Sometimes C ++ programmers ask for an example of a task that cannot be solved without the use of monads. Let's start with the fact that this question is incorrect in itself - it’s all the same as asking whether there is a task that cannot be solved without cycles. Obviously, if your language has support for the goto statement, you can do without using loop statements. What monads (and loops) can do for you is to simplify your code and help structure it better. Just as the use of loops turns spaghetti code into normal, and using monads can turn your imperative code into declarative. This transformation can help you write, understand, maintain and extend your code more easily.

Well, here's a problem for you that can get caught in an interview. It is not entirely trivial, perhaps several approaches to the solution and the best of them is not immediately obvious - just something that is worth thinking about.

You are invited to the following puzzle:

')

send + more --------- money

Each letter corresponds to a digit from 0 to 9. It is necessary to write a program that selects such matches so that the written addition operation is correct. Before you continue reading the article - think for a moment, how would you solve this problem?

Analysis

It never hurts to impress the interviewer with your knowledge by correctly classifying the problem. This task belongs to the class of " problems of satisfaction of restrictions ". The obvious limitation is that the numbers obtained by substituting digits instead of letters should, when added, give the number corresponding to the given one. There are less obvious limitations, for example, the terms of numbers should not start from scratch.

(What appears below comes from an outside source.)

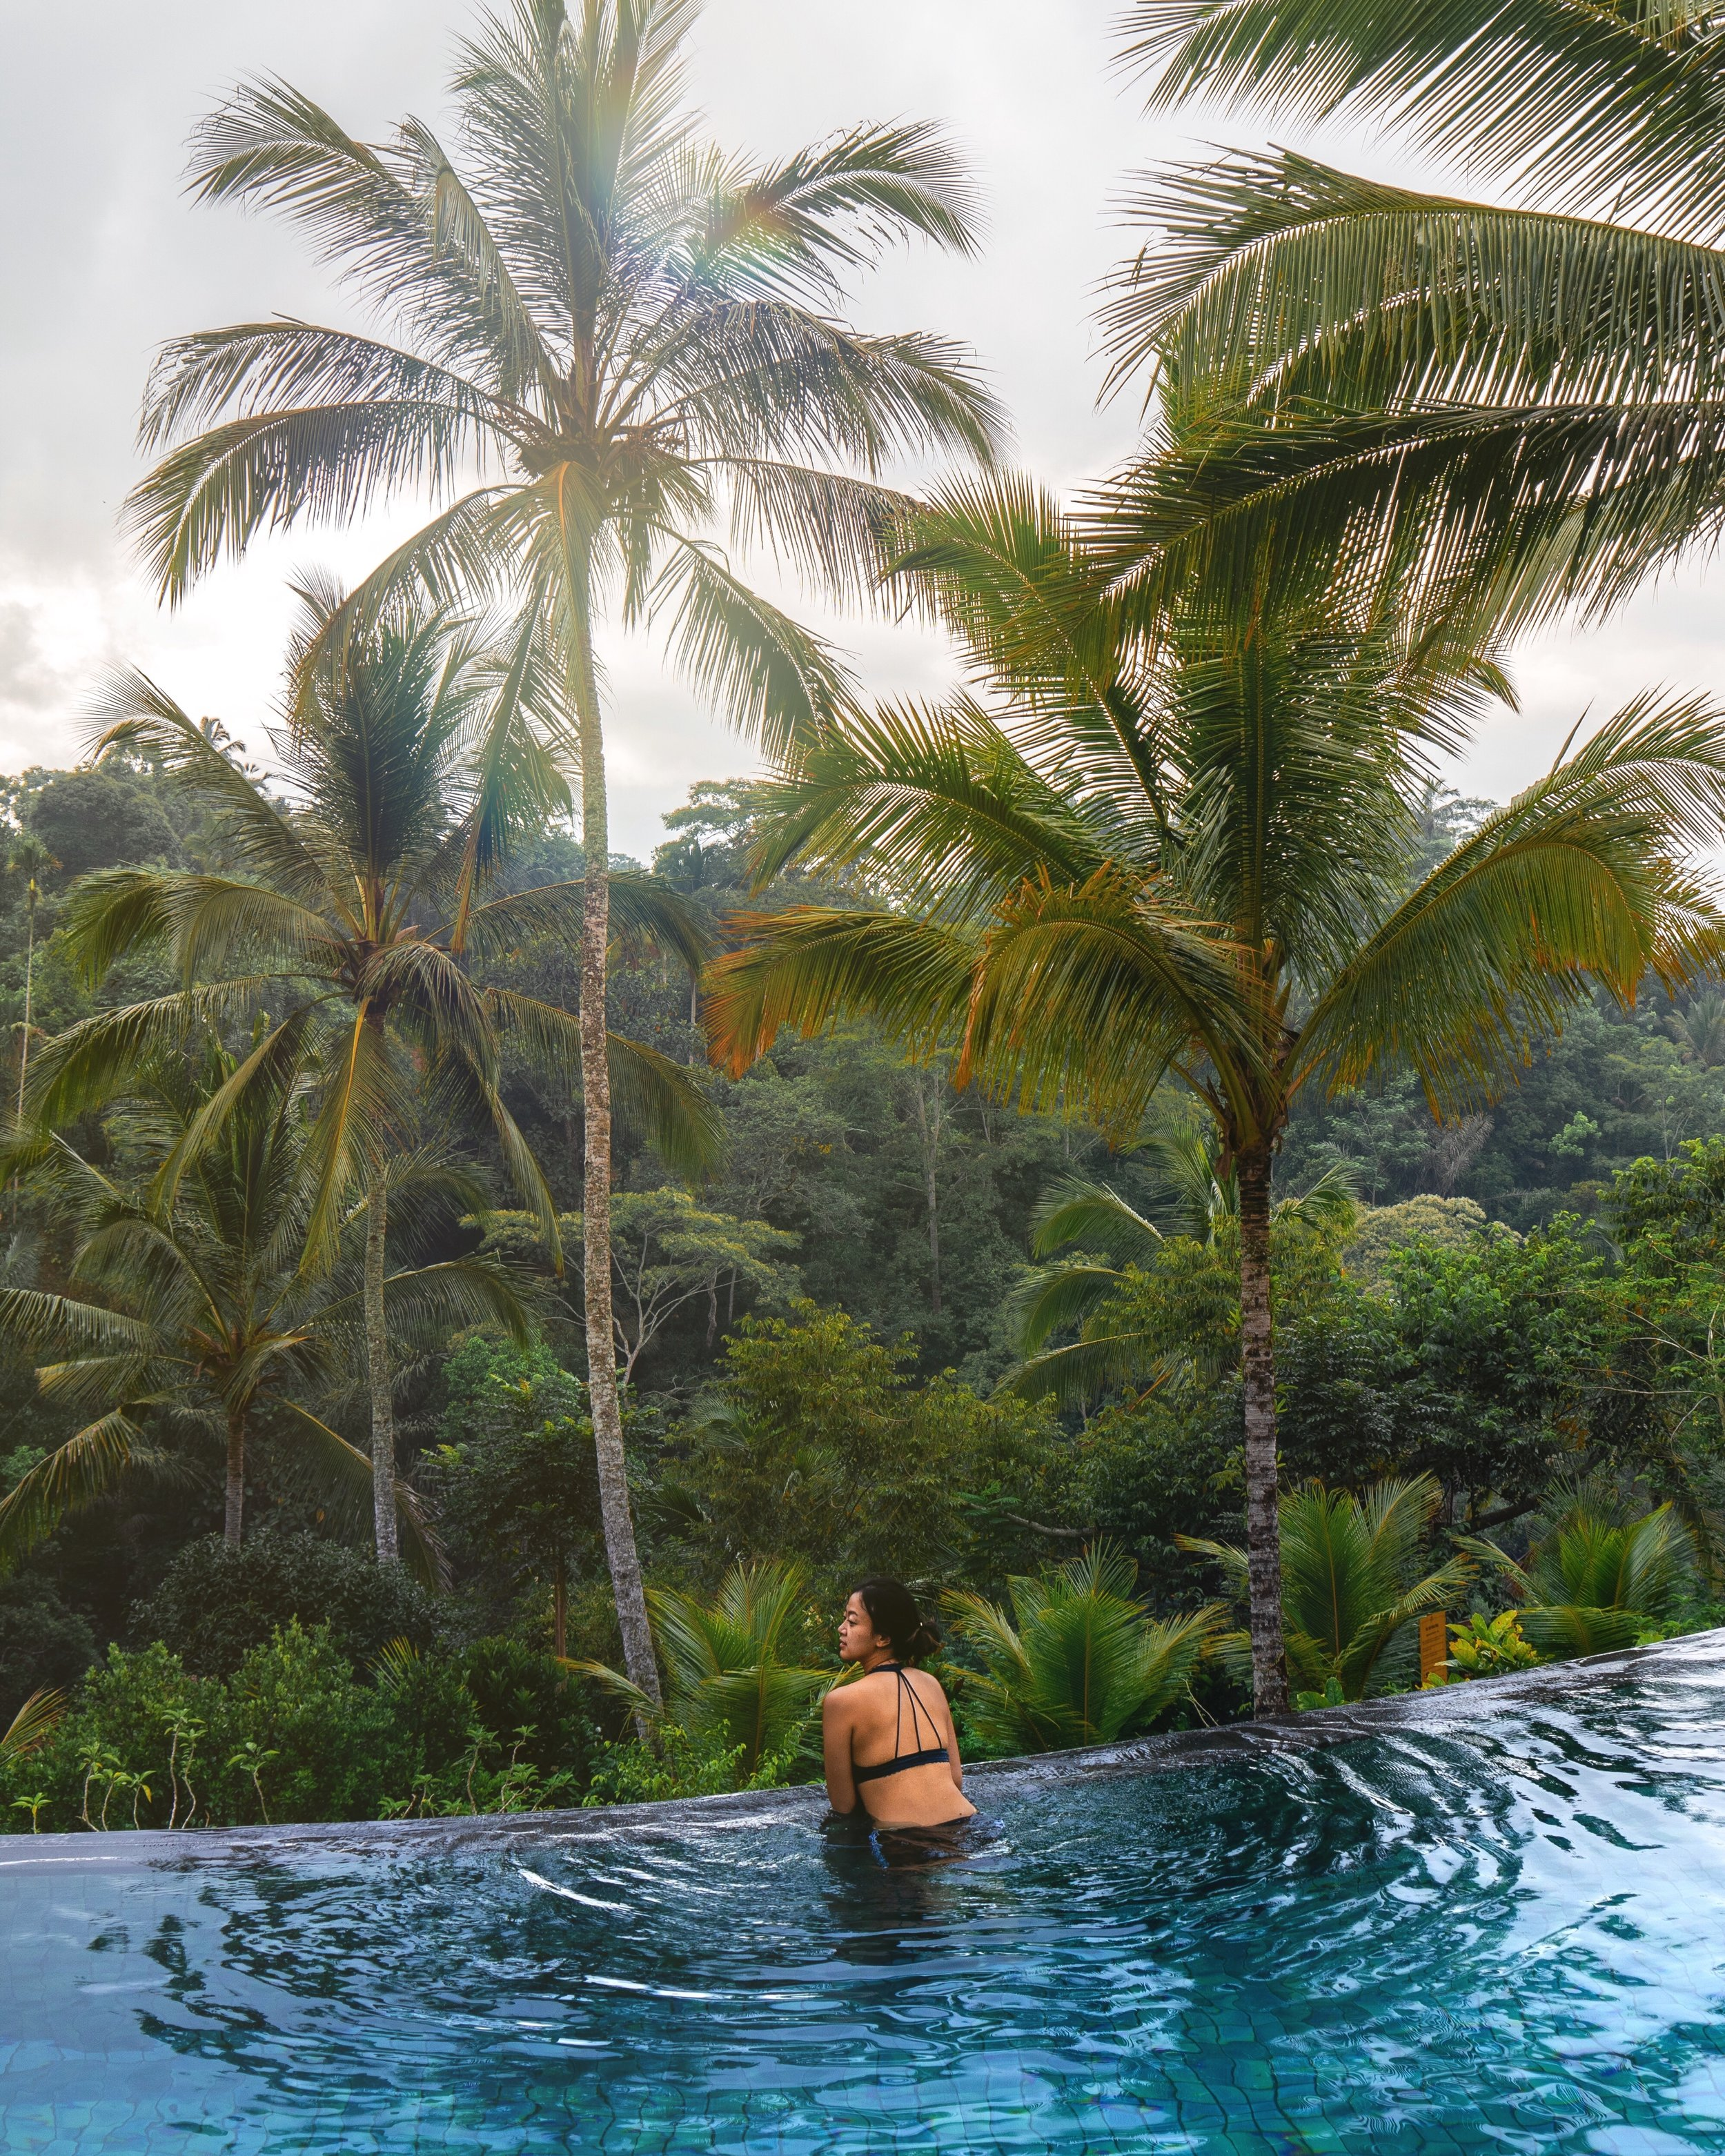 Padma, Ubud, Bali - Ellie Dyduch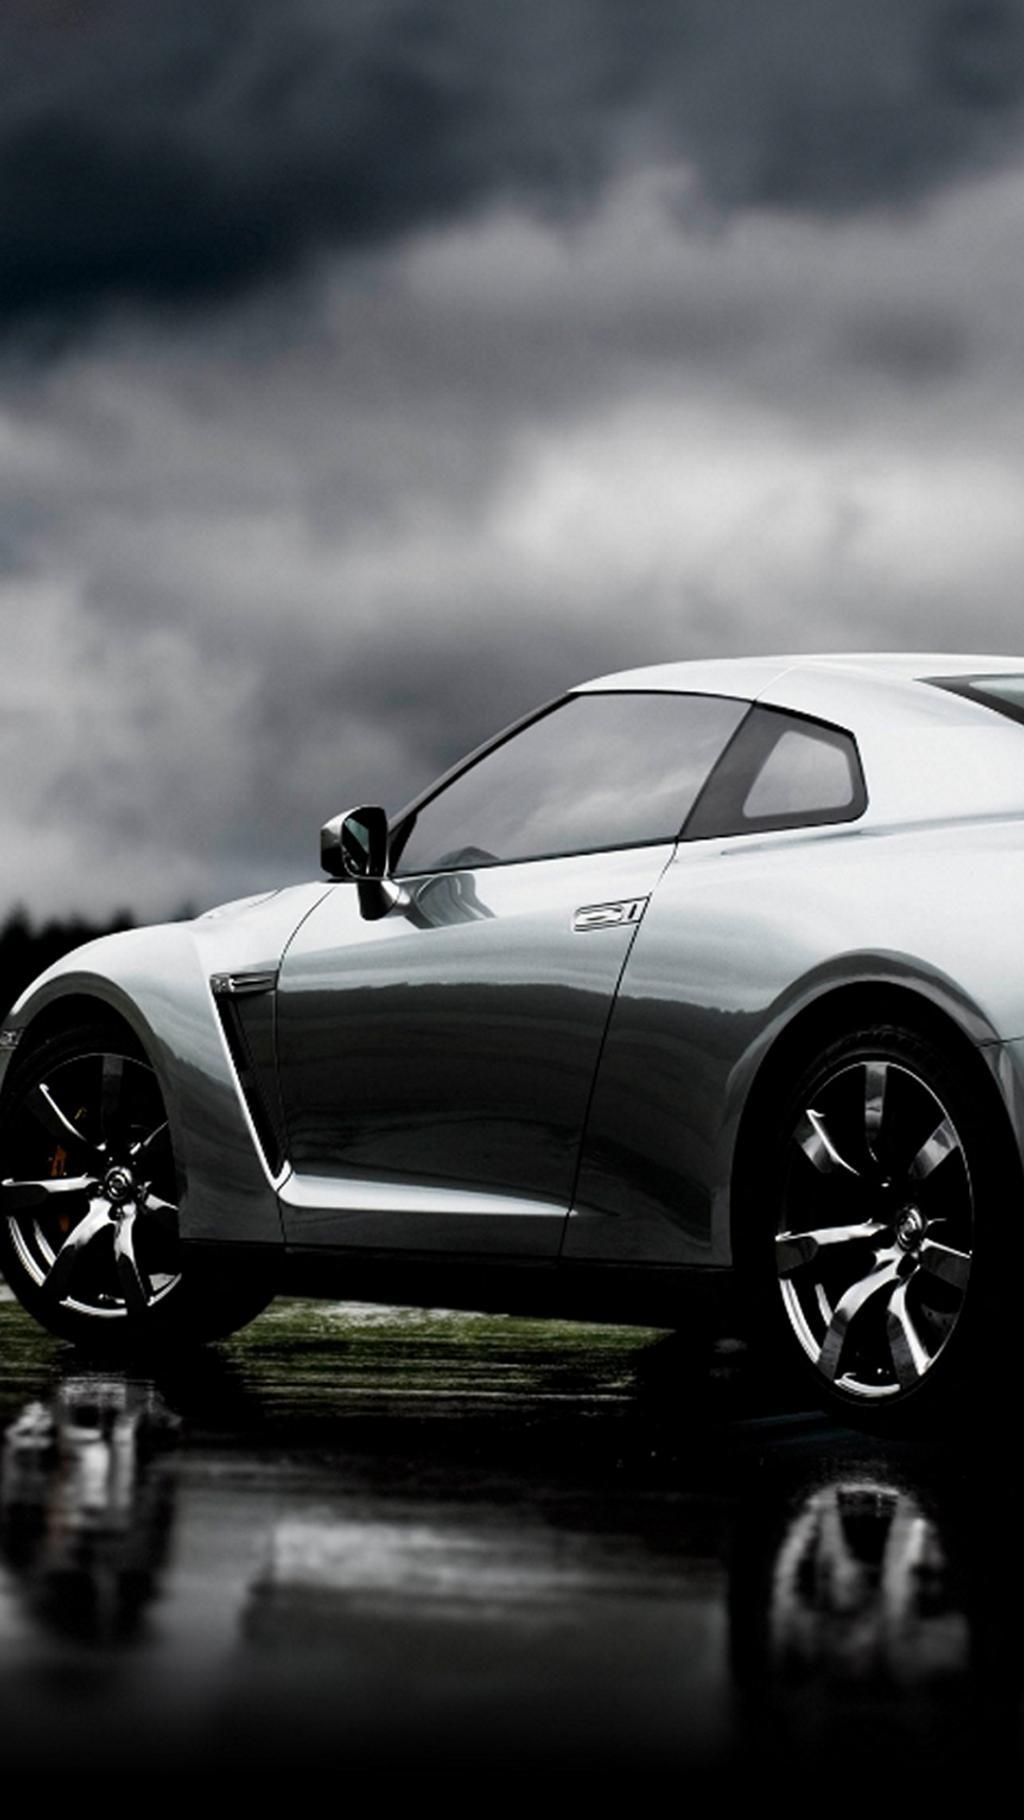 Images Of A Bentley Car Wallpaper 银色日产gt R 锁屏图片 高清手机壁纸 汽车 回车桌面

If you try to solve this problem with a pen and paper, you will quickly find several heuristics. For example, it is immediately clear that m should be equal to 1, because there are no two such four-digit numbers that, if added, would give a number greater than 19998. Then you find out that s should be equal to 8 or 9, because otherwise we will not get transfer of discharge to obtain a five-digit number, etc. Having a sufficient amount of time, you may write an expert system, with a sufficiently large number of rules, able to solve this problem (and maybe others like it). By the way, the mention of the expert system can give you a couple of extra points at the interview.

There is another approach - it is worth noting that the task has a rather small dimension - we work with 4-5 digit integers, which are not so many. The interviewer may ask you to ask for the number of permutations that you will need to sort through - there are 10 of them! / (10-8)! = 1814400 pieces. Just a little for a modern computer. Thus, the solution of the problem is reduced to the generation of these permutations and checking them for compliance with the constraints of the original problem.

The solution "in the forehead"

The classical imperative approach immediately generates a code with 8 nested loops (we have 8 unique letters s, e, n, d, m, o, r, y ). It turns out something like this:

 for (int s = 0; s < 10; ++s) for (int e = 0; e < 10; ++e) for (int n = 0; n < 10; ++n) for (int d = 0; d < 10; ++d) ...

And here we need to check the condition. But not the sum condition, from the original problem - first of all we need to check that all the numbers in our permutation are different, otherwise there is no sense in it.

 e != s n != s && n != e d != s && d != e && d != n

...

and so on, in the last line there will be 7 comparisons, and there will be 28 of them in total. And only after that it is possible to collect from the numbers " send ", " more " and check whether the amount of money has turned out.

In general, the problem is solved and the interviewer will not be able to say what is wrong. But just a minute - can't we think of something better?

Smart decision

Before continuing, I must say that everything that will be written next will be almost a direct translation from Haskell of the program written in the blog Justin Le . I strongly advise everyone to study Haskell and read similar articles in the original, but in this case I will work as a translator.

The problem is in our “frontal” solution in those 28 checks. Yes, our program has earned, but it happened because of its small dimension. There are problems with huge dimensions and a much larger number of conditions, so it makes sense to come up with some general approach to solving them.

The problem can be formulated as a combination of two smaller problems. One of them concerns the depth, and the second - the width of the search for a solution.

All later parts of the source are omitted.